Neither of these techniques would be particularly difficult to implement or costly in terms of processing time or bandwidth (considering that Content-length for the entire body will generally need to be calculated anyway). The first one seems to be allowed by current standards, but not recommended anywhere and certainly not mandated (and arguably, doesn’t really solve the problem unless the standards are updated to say that it does – since the boundary tag should arguably be recognized wherever it occurs, even if it is partway through a body part according to that body part’s known content length). The second one has the problem that the only defined encoding which would be suitable is base64, and that incurs a 33% bandwidth overhead.

It’s really annoying that this sort of stupid blunder can make it into a standard which is so widely used. At least it seems it can’t lead to any security vulnerabilities (I think) but I pity the poor sucker whose file-upload-via-POST is failing due to a shoddy standard which says it’s ok that a boundary tag could possibly occur within the content.

ISO C99

I’m not sure when it happened but it looks like the C99 standard is now publicly available (for free download) in PDF form.
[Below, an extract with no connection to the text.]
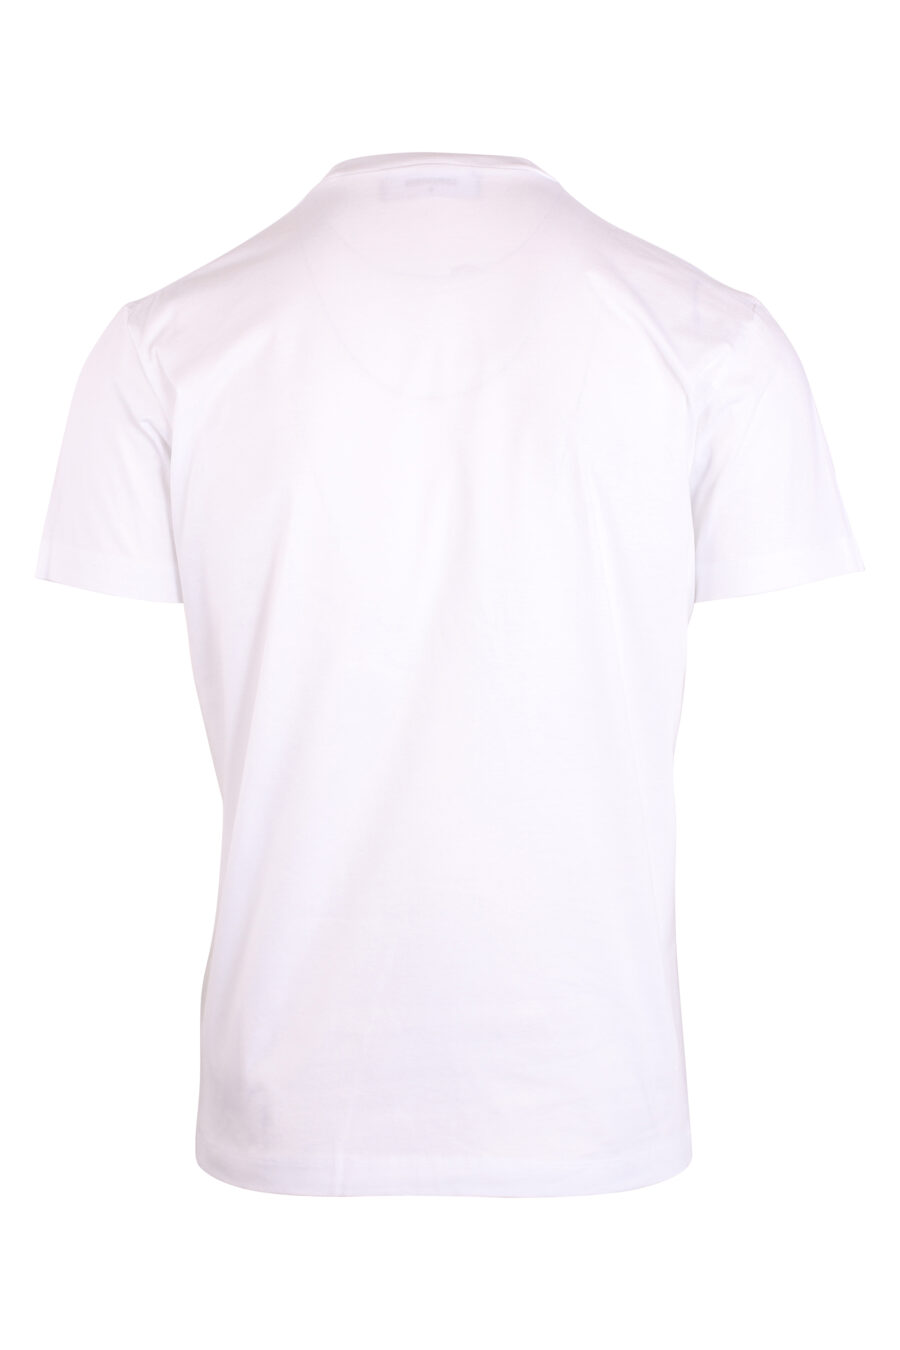 Camiseta blanca con logo "icon sunset" - IMG 8895

Make sure to get the version which incorporates corrections TC1 and TC2. From the standard:

6.2.6.1 General – Representation of types

paragraph 3:

“Values stored in unsigned bit-fields and objects of type unsigned char shall be represented by a pure binary notation”.

A footnote tells us that a “pure binary notation” is:

“A positional representation for integers that uses the binary digits 0 and 1, in which the values represented by successive bits are additive, begin with 1, and are multiplied by successive integral powers of 2, except perhaps the bit with the highest position. … A byte contains CHAR_BIT bits, and the values of type unsigned char range from 0 to (2^CHAR_BIT) – 1.”

What the… ??

Let’s go through that footnote bit by bit, no pun intended:

A positional representation for integers that uses the binary digits 0 and 1 … ok, that’s fairly straightforward

… in which the values represented by successive bits are additive … I guess that means that to get the value as a whole, you add the values represented by the bits. Just like you do in any binary number. Although, this is a fairly retarded way of saying it.

… begin with 1… Does this mean that the first bit position has a value of 1? Or that the value for any bit position is one before it is multiplied by some power of 2? The latter is mathematically redundant so I guess it must be the former. Ok.

… and are multiplied by successive integral powers of 2 … Yes, ok, each bit is worth its face value (0 or 1) multiplied by “successive powers of two”, the begin with 1 beforehand means that 1 is the first power of 2 (it is 2^0), then next would be 2 (2^1) then 4, 8, 16 and so on. Again there must be a better way to say this.

… except perhaps the bit with the highest position. WTF!!?? So the highest bit position can be worth something completely different. This might make sense for representation of signed values in 2’s complement, but this was specifically referencing an unsigned type. Also:

A byte contains CHAR_BIT bits, and the values of type unsigned char range from 0 to (2^CHAR_BIT) – 1.

Do the math. If there are CHAR_BIT bits, the highest bit position is (CHAR_BIT – 1) if we number them starting from 0. Each bit except for that one is worth 2^position and the range we can represent using those bits as well as the highest bit is 2^CHAR_BIT – 1. What then must the highest bit position be worth? Why then specifically exclude it from this requirement?